Let the first term of the AP be a and common difference between the terms be d.
From the properties of AP : -
- nth term = a + ( n - 1 )d, where a is the first term, d is the common difference between the terms and n is the number of terms.

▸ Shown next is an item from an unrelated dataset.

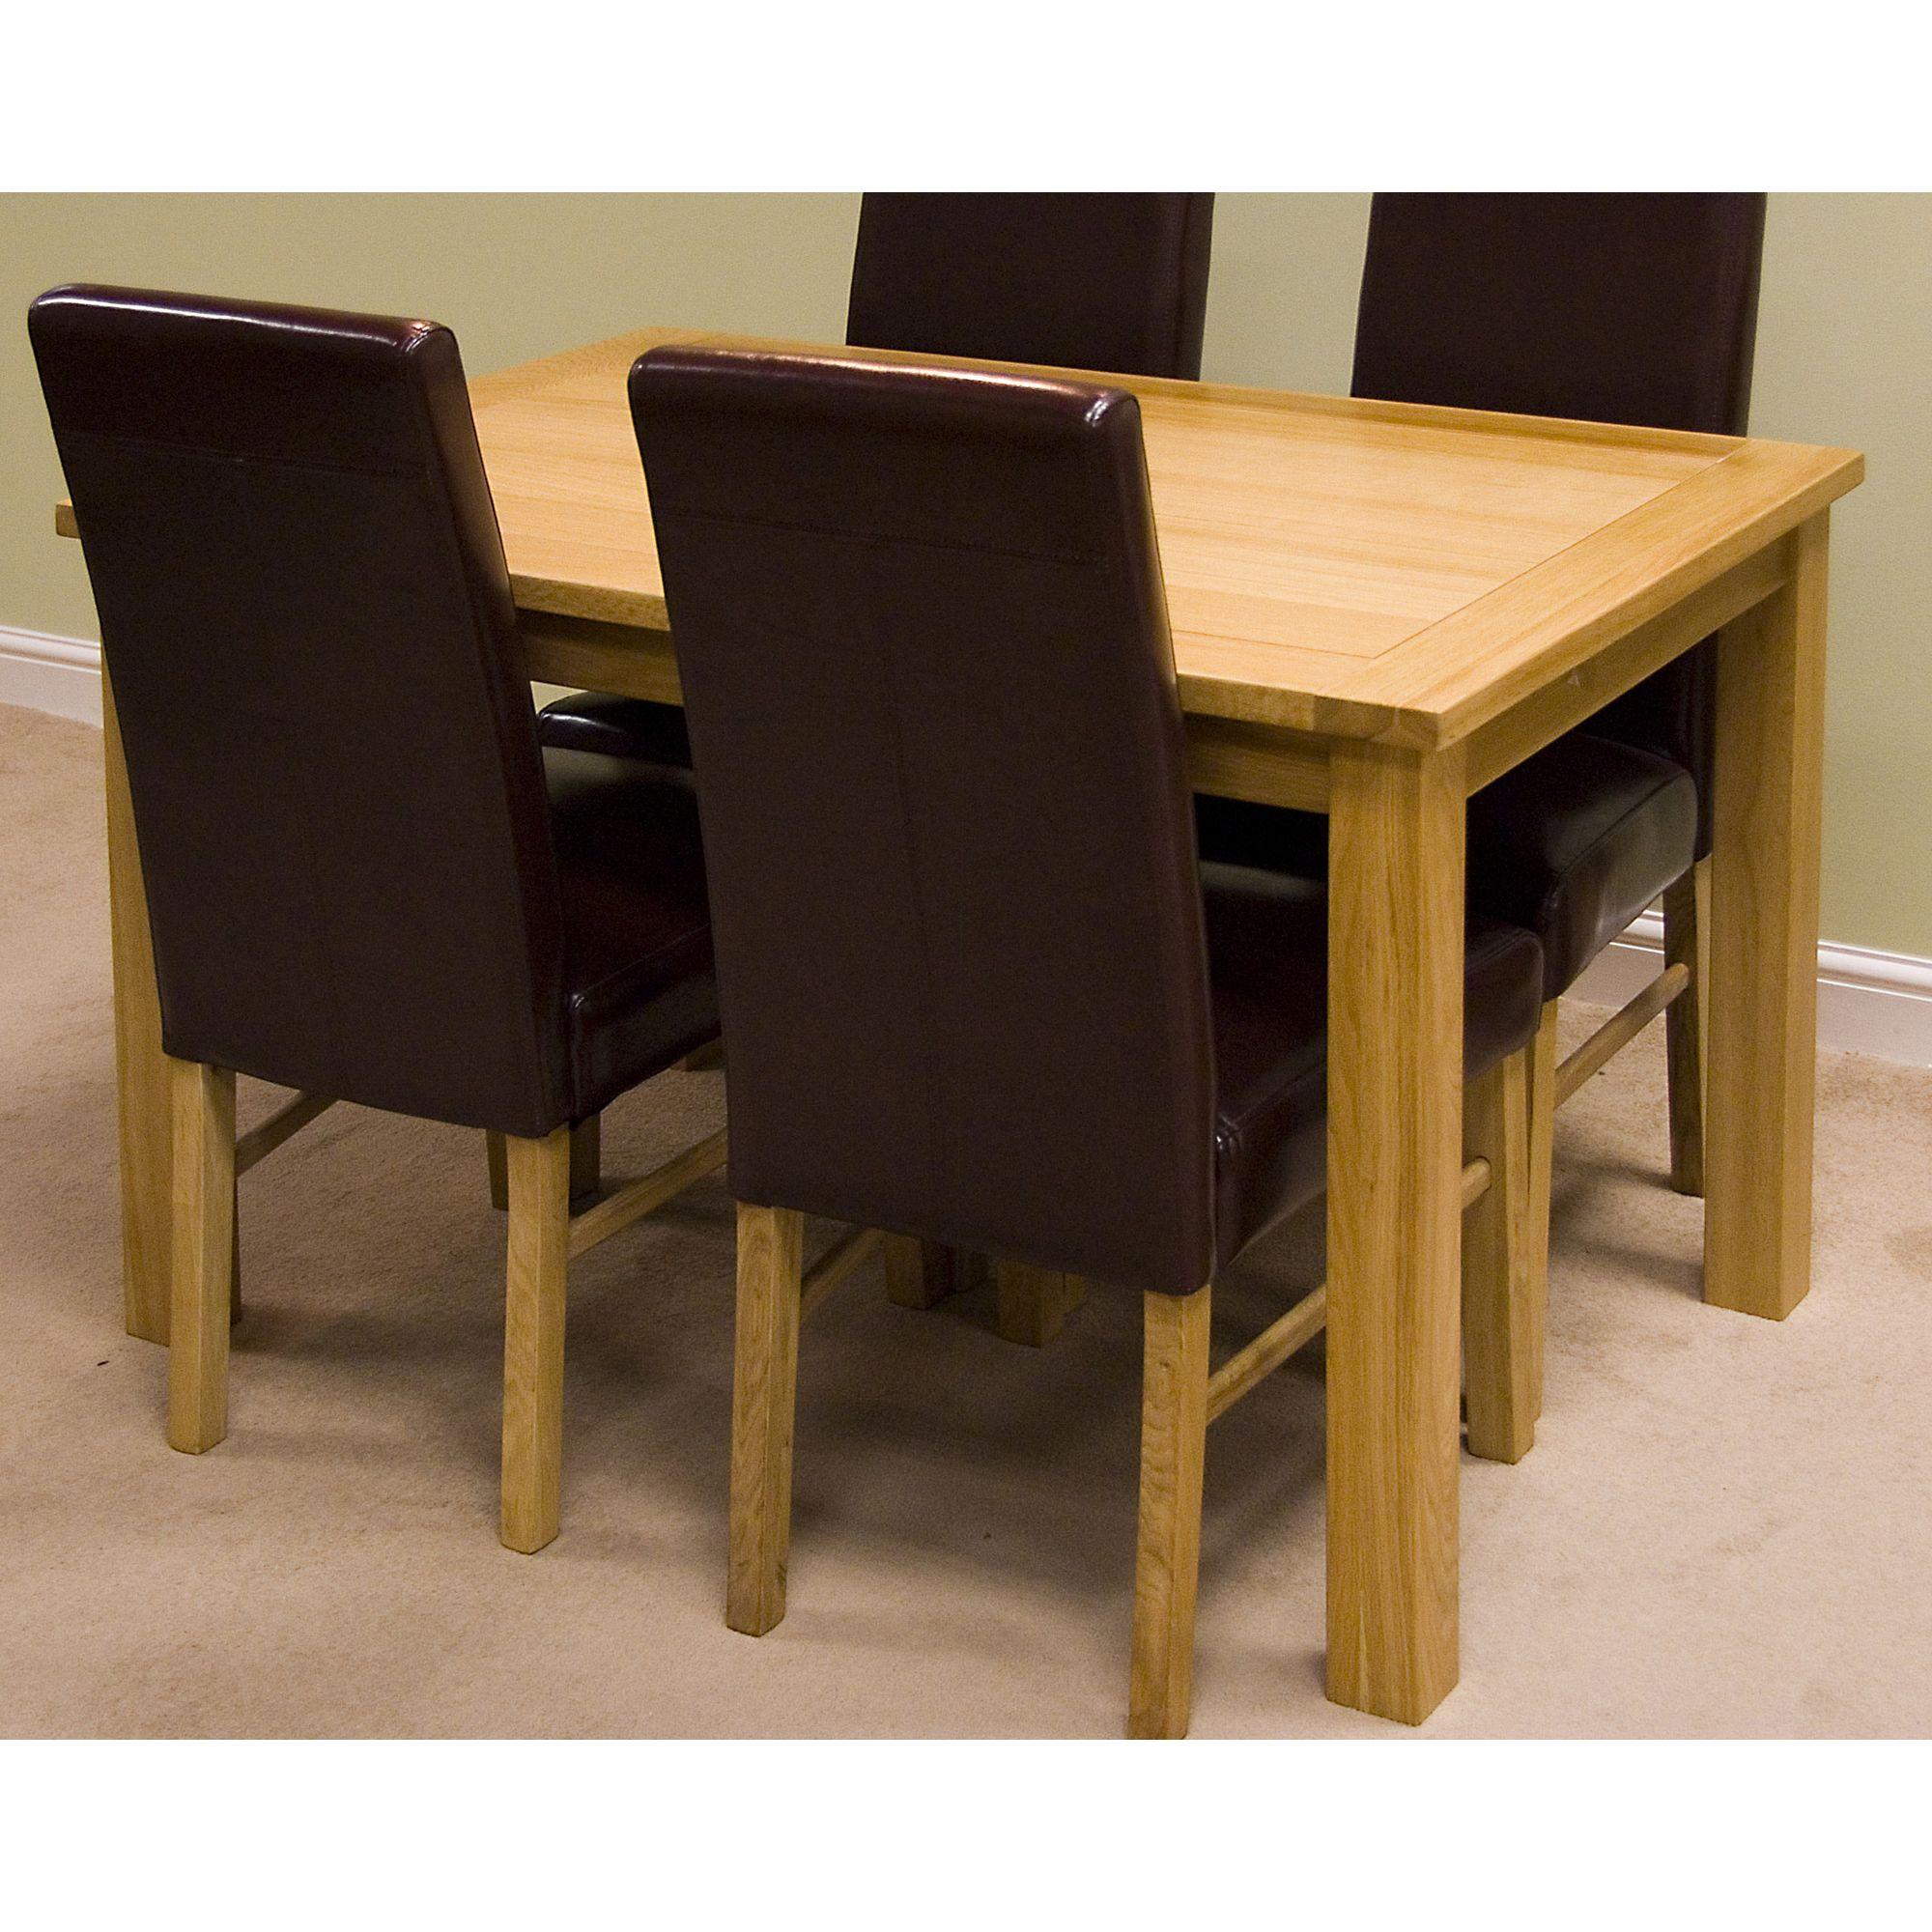 G&P Furniture Rectangular Fixed Top Oak Dining Table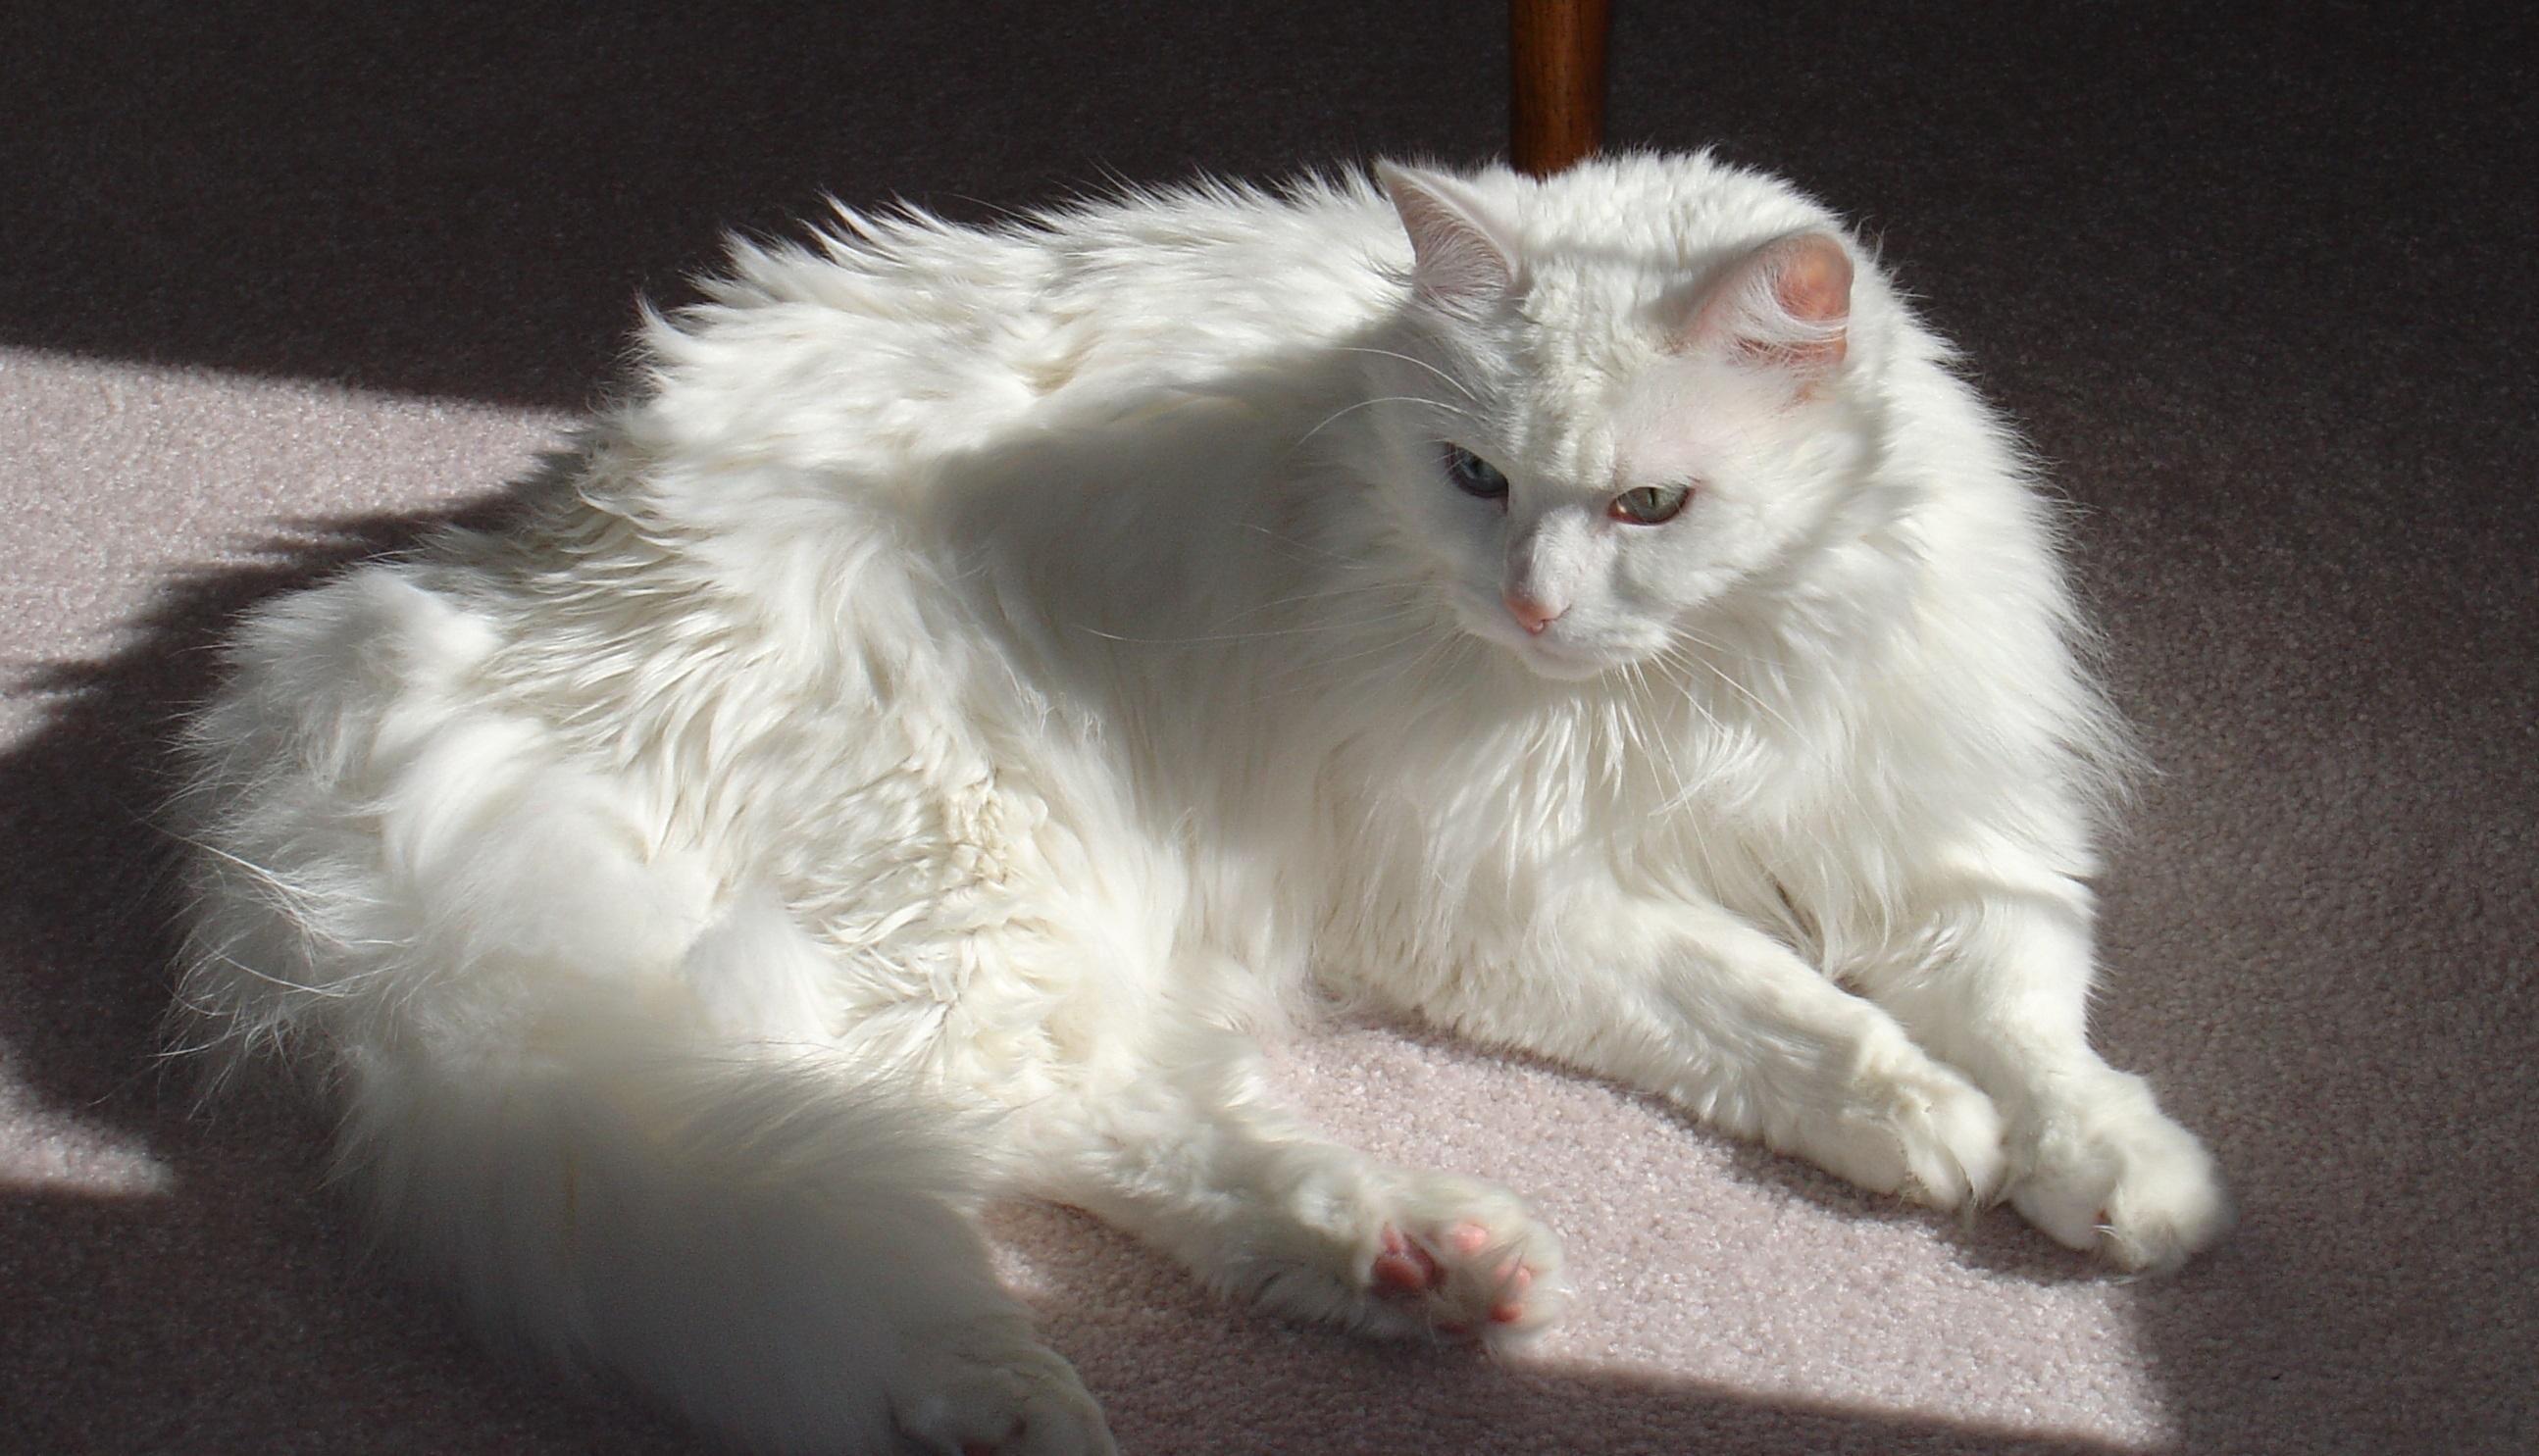 b4f689b92e white kitten cat mammal whiskers the vertebrate ragdoll reggi norwegian  forest cat turkish van small to

According to the question : -
= > 5th term = 1
= > a + ( 5 - 1 )d = 1
= > a + 4d = 1
= > a = 1 - 4d ...( i )
= > 31st term = - 77
= > a + ( 31 - 1 )d = - 77
= > a + 30d = - 77
= > a = - 77 - 30d ...( ii )
Comparing the values of a from ( i ) and ( ii ) : -
= > 1 - 4d = - 77 - 30d
= > 30d - 4d = - 77 - 1
= > 26d = - 78
= > d = - 78 / 26
= > d = - 3
Substituting the value of d in ( i ) : -
= > a = 1 - 4d
= > a = 1 - 4( - 3 )
= > a = 1 + 12
= > a = 13
Hence the required value of a is 13 and d is - 3.
Therefore,
= > 11th term = a + ( 11 - 1 )d
= > 11th term = 13 + 10( - 3 )
= > 11th term = 13 - 30
= > 11th term = - 17
Hence the required value of 11th term is - 17.